Asmara: Sebenarnya cita-cita aku waktu kecil itu jadi pemain sirkus yang bisa lompat-lompat di atas kuda. Terus, keluarga aku juga background-nya equestrian. Dari kecil, aku juga sudah suka dengan figur wanita berkuda karena menurut aku, figur perempuan ideal adalah Pocahontas, hahaha (tertawa) free spirit, bisa loncat ke air terjun, bertualang kesana kemari. Seperti itu perempuan ideal menurutku.
Image source: @asmaraabigail
Baca Juga: Mengintip Karya Katherine Karnadi
Seperti apa sih personal style kamu dalam keseharian? Adakah ciri khas styling yang selalu melekat sehari-hari?

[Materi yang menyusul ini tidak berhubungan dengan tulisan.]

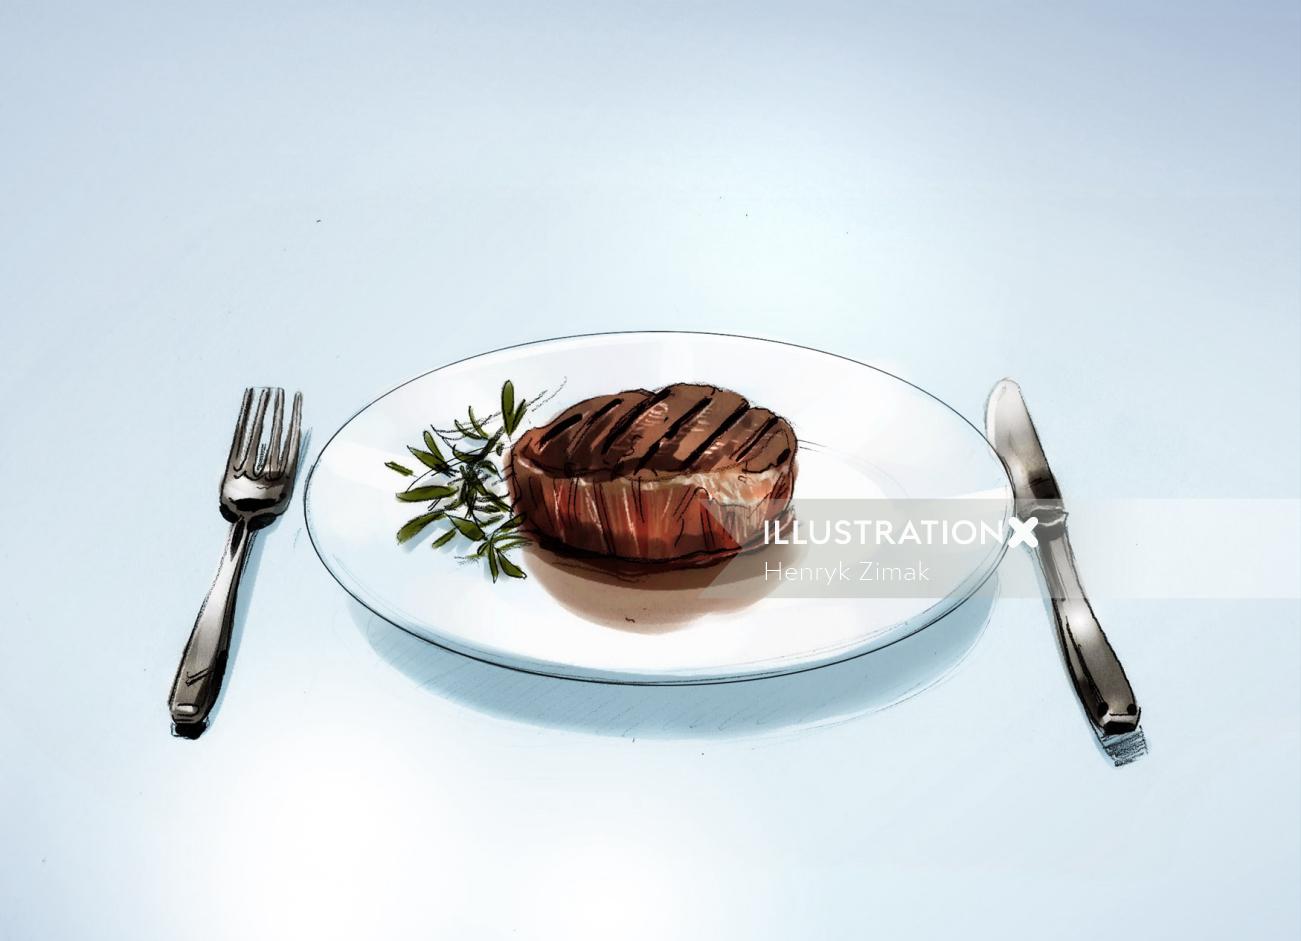 Food illustration by Henry Zimak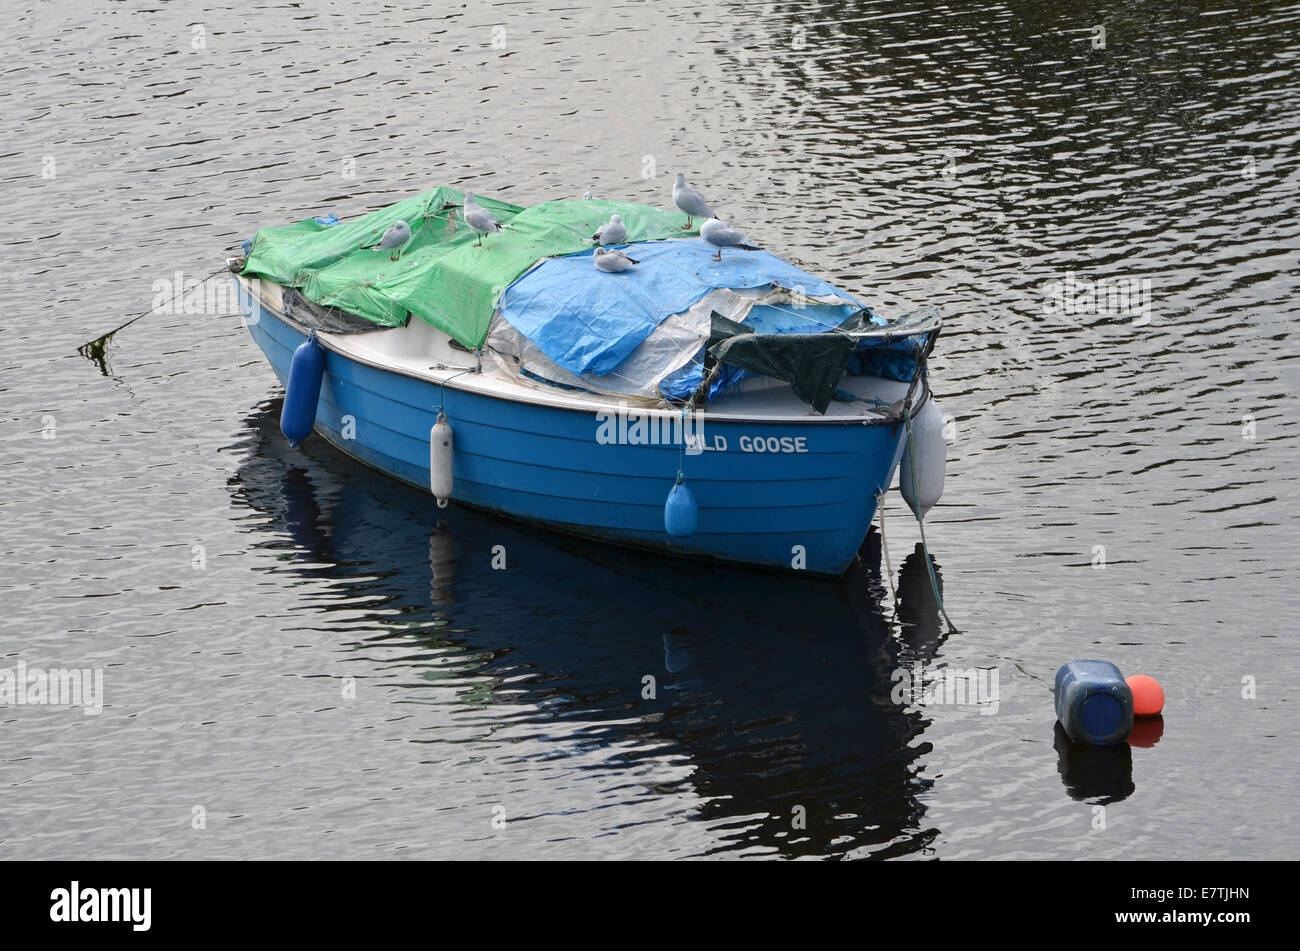 Wildgans, ein Boot über den Fluß Leven in Dumbarton mit mehreren Möwen auf ihm ruhen. Stockfoto

Asmara: Semakin besar, aku semakin mengerti gaya seperti apa yang harus aku kenakan. Aku suka campuran dari something yang exotic, elegant, dan peculiar. I think to become timeless, we need something elegant. Seperti perempuan-perempuan dengan Parisian style, mau sampai nenek-nenek pun mereka tetap elegan.
Lalu karena aku sering ke luar negeri, barang-barang yang aku pakai banyak yang nggak ada di sana. Jadi aku sering banget pakai Lulu Luthfi Labibi, atau Toton, atau Mahija, dan itu eye-catching banget buat orang sana. Mereka pasti sering nanya, “Beli di mana?” dan segala macam. Aku juga suka sesuatu yang aneh, grande, dan orang jarang mau kenakan, hence, peculiar.
Apakah kamu punya aksesori wajib yang selalu dipakai?
Asmara: Aku sering banget pakai anting, ini dari Mahija. Kebetulan desainernya juga teman dekatku. Aku senang banget pakai produk teman-teman aku karena kesannya jadi lebih personal juga. Kalau jam tangan, aku pakai Skagen, waktu itu dibeliin pacar aku. Itu hadiah dari dia di Natalan kita pertama. Kalau melihat itu, jadi membayangkan Lady Diana, hahaha (tertawa).